Así de simple: webs en las que los usuarios hacen preguntas y otros usuarios ofrecen sus respuestas, creando una base de datos de consultas colaborativa que, en algunas ocasiones, ofrecen bastante calidad. Algunos ejemplos:

  • Quora: hasta hace poco solo en inglés pero por fin con una versión en castellano. Concebida como una red social donde los usuarios plantean preguntas a partir de las cuales se entablan -no siempre- muy interesantes debates.
  • StackOverflow: web con carácter técnico donde los propios usuarios se dan soporte entre sí para resolver sus dudas de programación, diseño web, etc. Pertenece a un portal mayor, StackExchange, que aglutina una gran cantidad de comunidades para resolver dudas sobre todo tipo de temáticas como fotografía, matemáticas, budismo, filosofía, idiomas, derecho, física, etc.
  • Yahoo!
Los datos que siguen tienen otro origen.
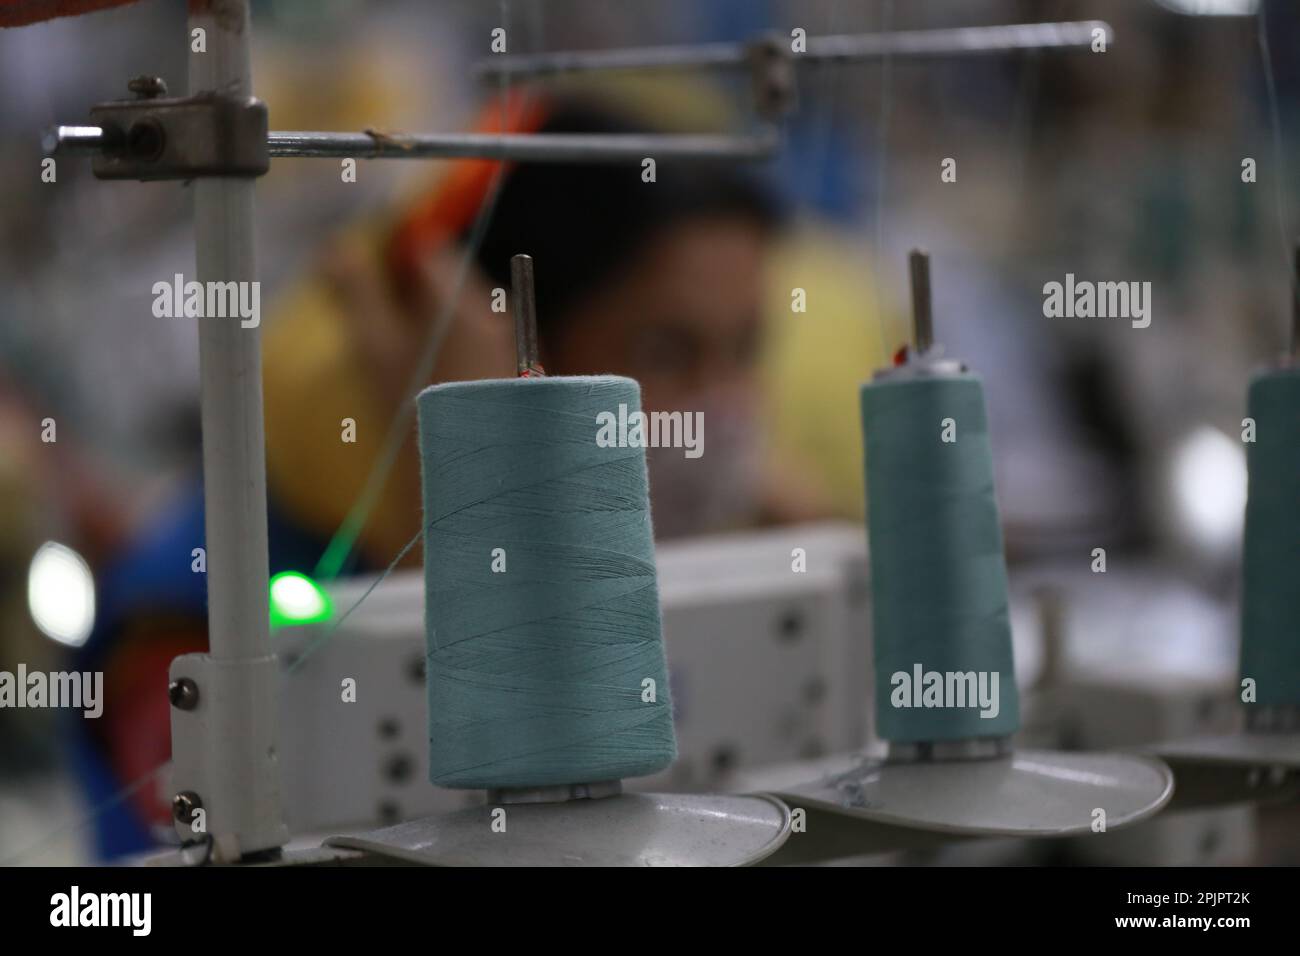 Un ouvrier du vêtement travaille dans une usine de vêtements prête à l'emploi au Bangladesh. Banque D'Images

Answers: aunque últimamente se ha convertido en una fuente inagotable de anécdotas graciosas, la comunidad de preguntas y respuestas creada por Yahoo! fue uno de los primeros ejemplos de este tipo de webs.

Debemos tener en cuenta que tanto las comunidades como las webs de referencia hacen uso de motores de búsqueda que permiten encontrar fácilmente sus contenidos.

Coda final a modo de reflexión sobre la búsqueda de respuestas en la era digital

Como podemos ver, tenemos a nuestra disposición multitud de recursos en los que buscar información. Podemos resolver nuestras dudas, plantear preguntas, consultar bases de datos… la información está ahí, delante de nosotros, para que la utilicemos, no para que la consumamos sin más.

Sin embargo, a pesar de encontrar respuesta a tantas preguntas, la humanidad sigue sin resolver las cuestiones más importantes que lo han acompañado a lo largo de su existencia -o al menos no consigue ponerse de acuerdo a la hora de ofrecer una propuesta que convenza a todos sus miembros. Esto ha sido así, es así, y lo seguirá siendo durante muchísimos años más, que no nos quepa duda.

Jamás encontraremos un 42 que se postule como la gran solución a las grandes incógnitas como el sentido de la vida, el universo y todo lo demás.

Y simplemente por una sencilla razón: somos seres curiosos.